The New Jersey woman claims the giant diet company discriminated against her and now has the New Jersey Division on Civil Rights on her side, according to a Newark Star Ledger news report.
In finding probable cause to Favocci’s discrimination charges, the state will take on her fight to clarify laws governing weight issues when they are connected to a disability, J. Frank Vespa-Papaleo, director of the Division on Civil Rights, told the Star Ledger.
A Weight Watchers attorney said the company stands by its assertion that adherence to its weight compliance standards is an essential job requirement for its leaders.
With the division’s findings, the state and Weight Watchers will try to negotiate some kind of settlement. If they cannot reach an agreement, the matter will go to an administrative law judge for a hearing, the Star Ledger said.
Hired at the Livingston-based Weight Watchers of North Jersey in the mid-1990s, Favocci worked as a leader, facilitating meetings for groups of people trying to slim down, Vespa-Papaleo said.
Cancer Therapy Sparks Weight Gain
In January 2000, she was diagnosed with colon cancer and underwent chemotherapy and prescription drug treatments, with weight gain as one of the side effects. In all, she put on nearly 20 pounds more than Weight Watchers compliance standards, Vespa-Papaleo told the newspaper.

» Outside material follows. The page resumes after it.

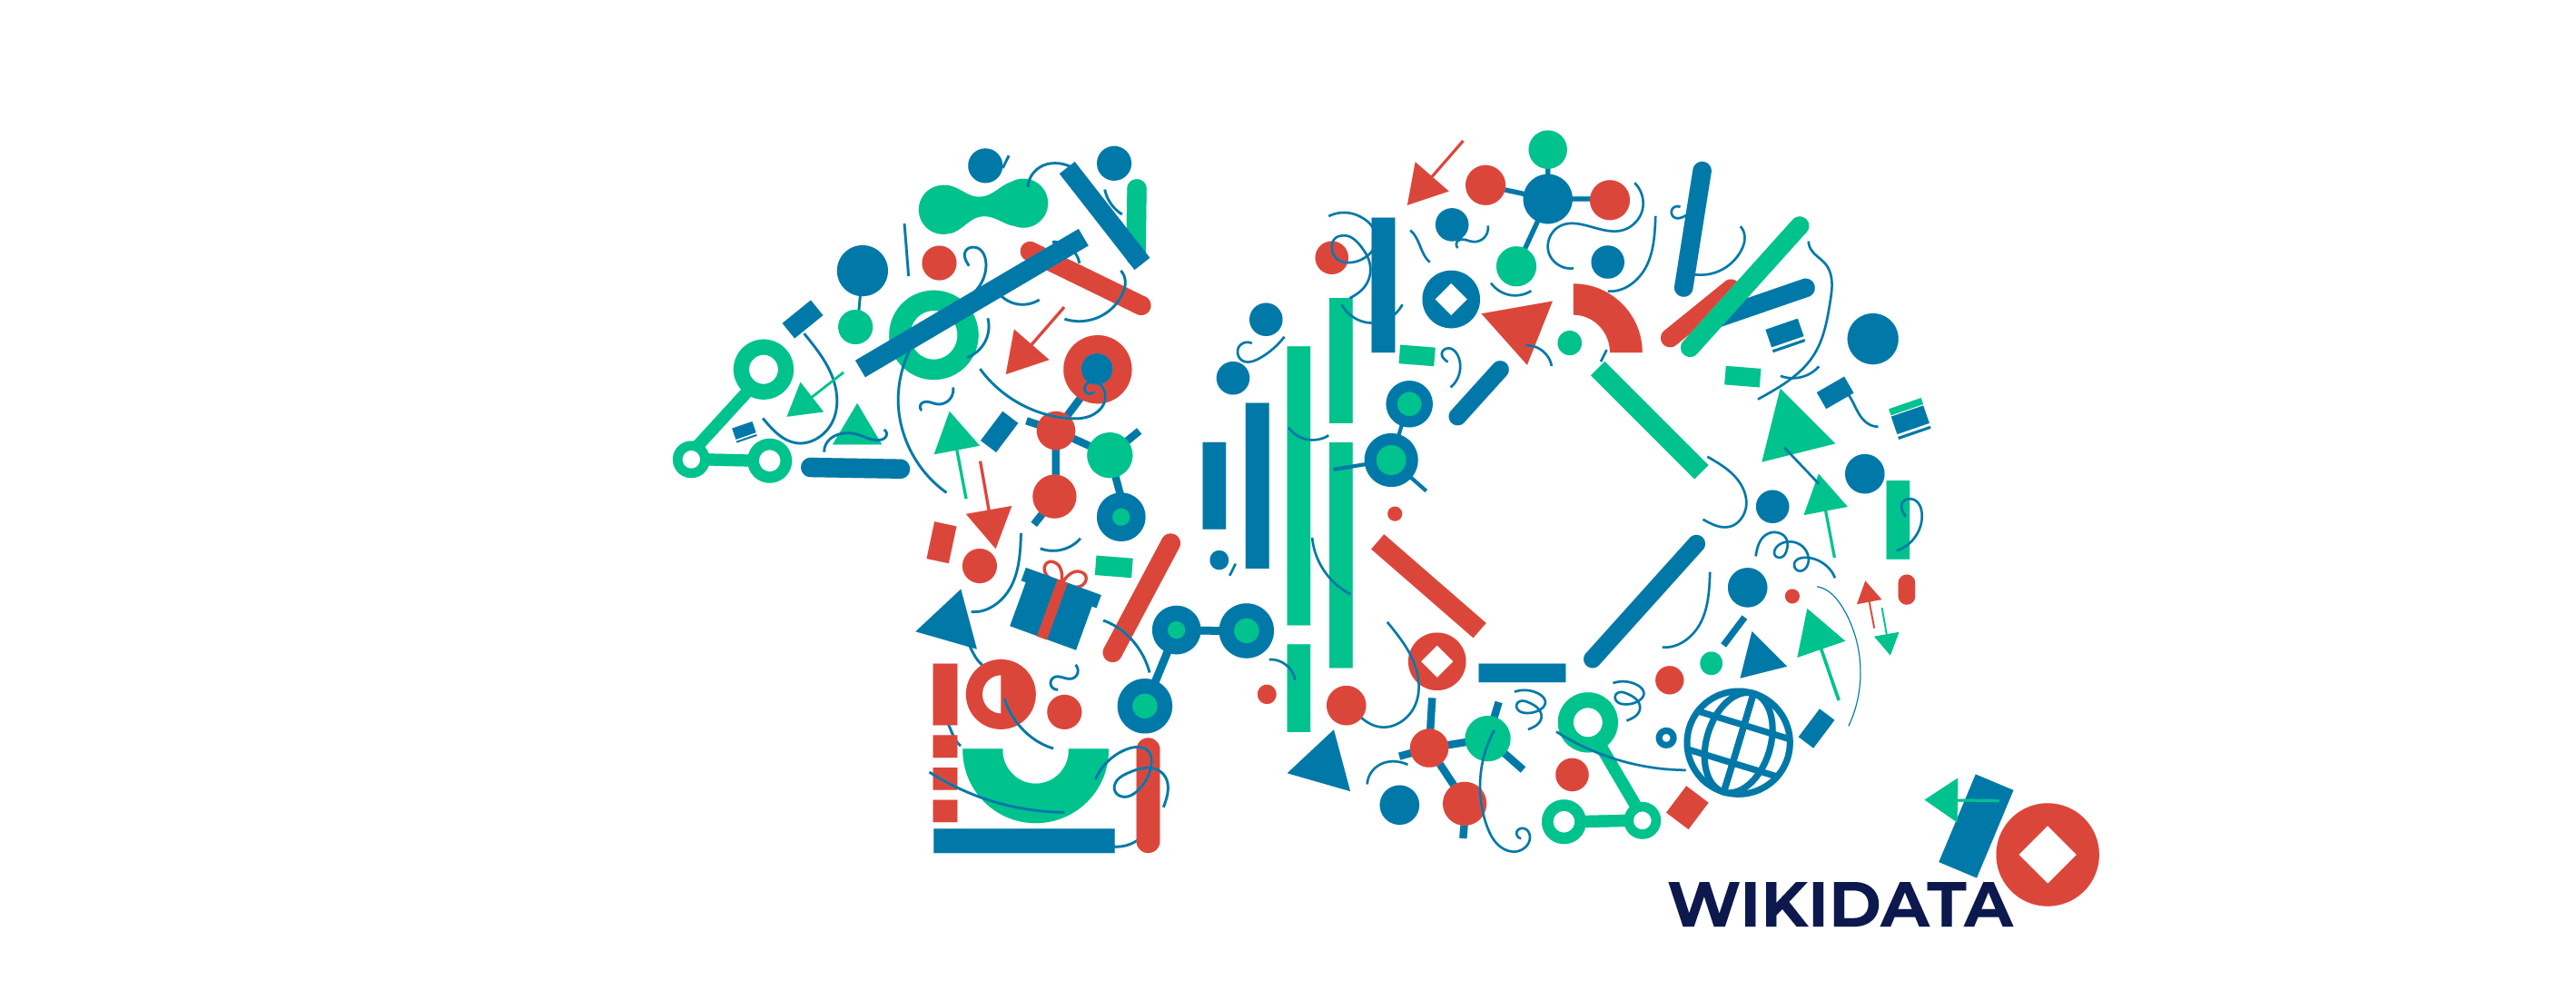 Wikidata 10th Anniversary

By September 2000, she asked to be exempted from those weight standards because of her medical condition, according to the complaint. Rather than excuse her, the company a month later gave her an administrative position that allowed her to work from home but have no contact with clients, the state’s complaint said.
The company also suggested she take a leave of absence until she could meet that weight compliance goal because her job as a leader required that she be “first and foremost a role model to Weight Watchers clients by maintaining her weight goal,” according to the complaint.
Besides the steroids as a reason for weight gain, Favocci, 48, was taking other medication that caused her to be nauseated and lethargic. The only way to relieve her constant nausea was to eat, her physician wrote to Weight Watchers, according to the Star Ledger.
On June 1, 2001, Favocci was fired because she had gained too much weight, Vespa-Papaleo said. He said he did not know the compliance goal or Favocci’s weight when she was fired.
“Our position is that an employer cannot terminate someone’s employment due to weight gain when the weight gain is clearly a result of cancer and the employee is otherwise capable of performing the work,” Vespa-Papaleo told the newspaper.